Piper pegou sua adaga e a colocou na amurada.
— Jason e eu podemos vigiar o navio por ora. Vou ver o que Katoptris pode me mostrar. Mas, Hazel, se descobrirem a localização de Nico, não vão sozinhos. Voltem para nos buscar. Todos nós seremos necessários na luta contra os gigantes.
Ela não disse o óbvio: nem mesmo todos eles seriam suficientes, a menos que tivessem um deus do lado deles. Percy preferiu não mencionar esse detalhe.
— Boa ideia — disse Percy. — Que tal nos encontrarmos aqui às...?
— Três da tarde? — sugeriu Jason. — Isso provavelmente é o mais tarde que poderíamos nos encontrar ainda com esperança de lutar contra os gigantes e salvar Nico. Se algum desses planos mudar, tentem enviar uma mensagem de Íris.

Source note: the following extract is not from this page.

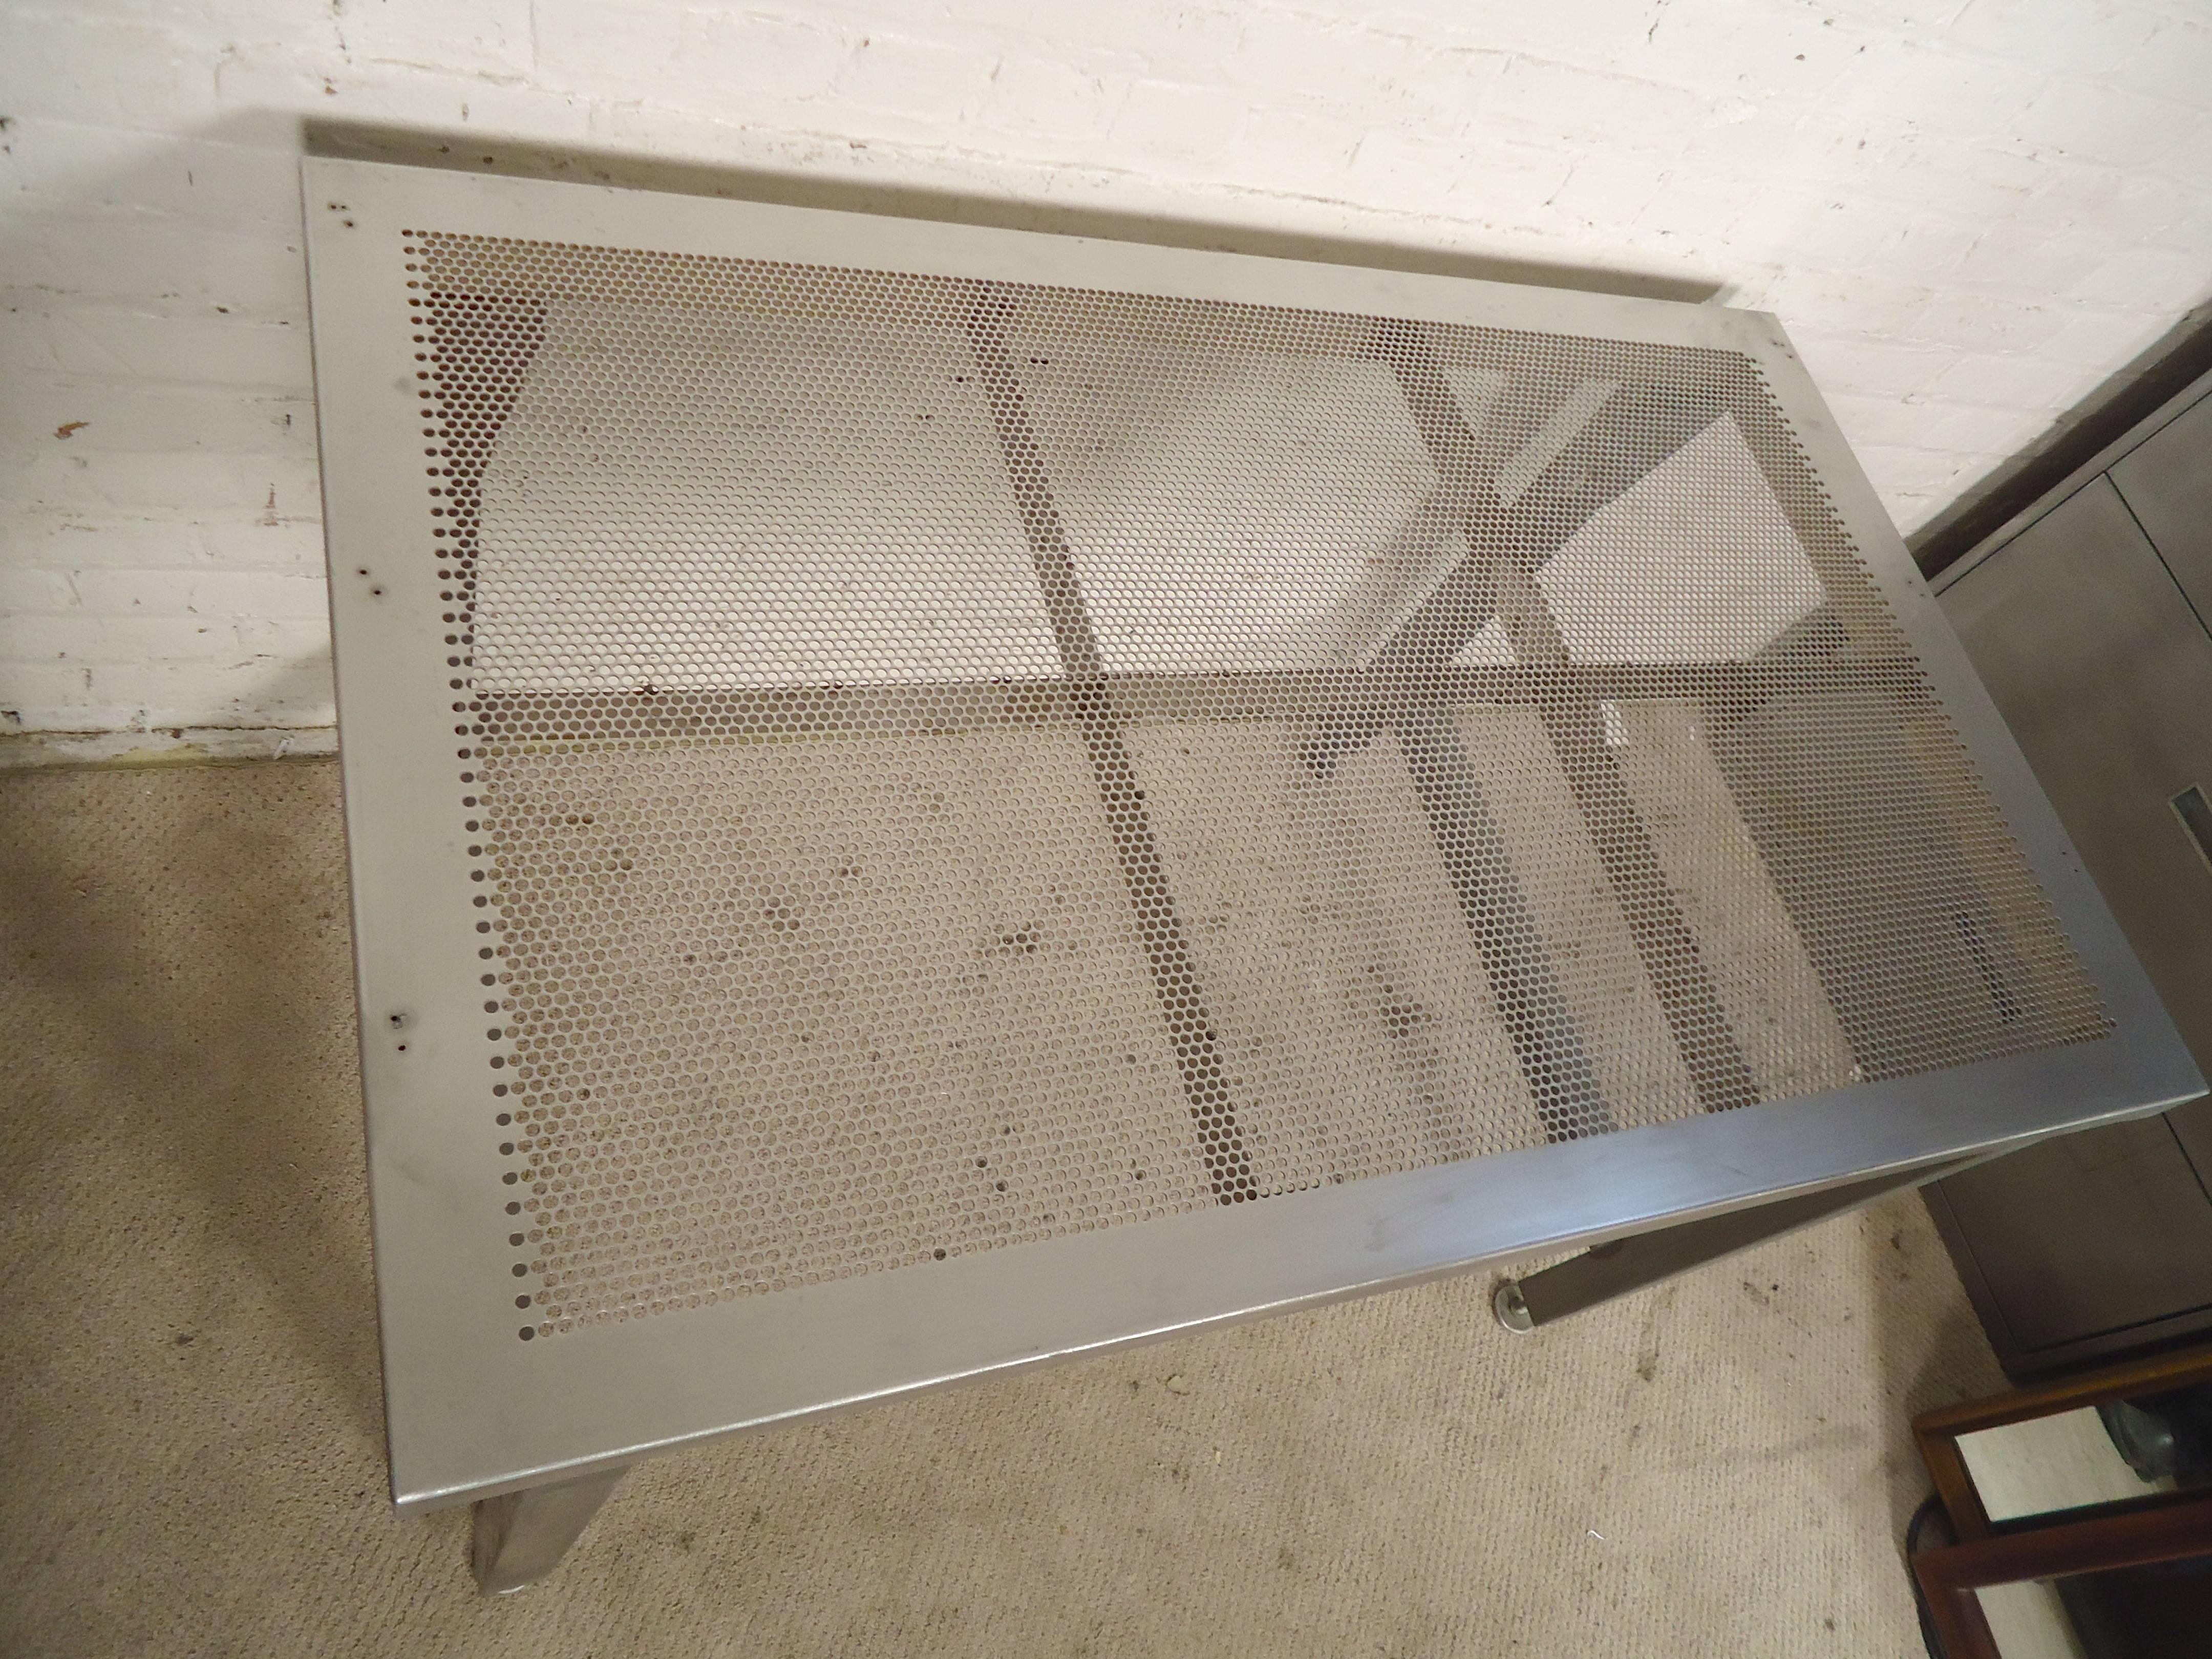 20th Century Factory Work Table with Perforated Top

Os outros assentiram, concordando, mas Percy percebeu que vários olhavam para Annabeth. Outra coisa que ninguém queria dizer: Annabeth teria uma programação diferente. Ela poderia estar de volta às três ou bem mais tarde ou nunca. Mas estaria sozinha, procurando a Atena Partenos.
O treinador Hedge resmungou.
— Isso vai me dar tempo para comer os cocos... quer dizer, tirar os cocos do casco. Percy, Annabeth... não gosto de vocês dois saindo sozinhos. Lembrem-se de uma coisa: comportem-se. Se eu ouvir falar de alguma gracinha, vou deixá-los de castigo até o Estige congelar.
A ideia de ficar de castigo quando estavam prestes a arriscar suas vidas era tão ridícula que Percy não conteve um sorriso.
— Voltaremos logo — prometeu ele e olhou os amigos à volta, tentando não achar que aquela era a última vez que se reuniam. — Boa sorte a todos.
Leo baixou a prancha de desembarque, e Percy e Annabeth foram os primeiros a deixar o navio.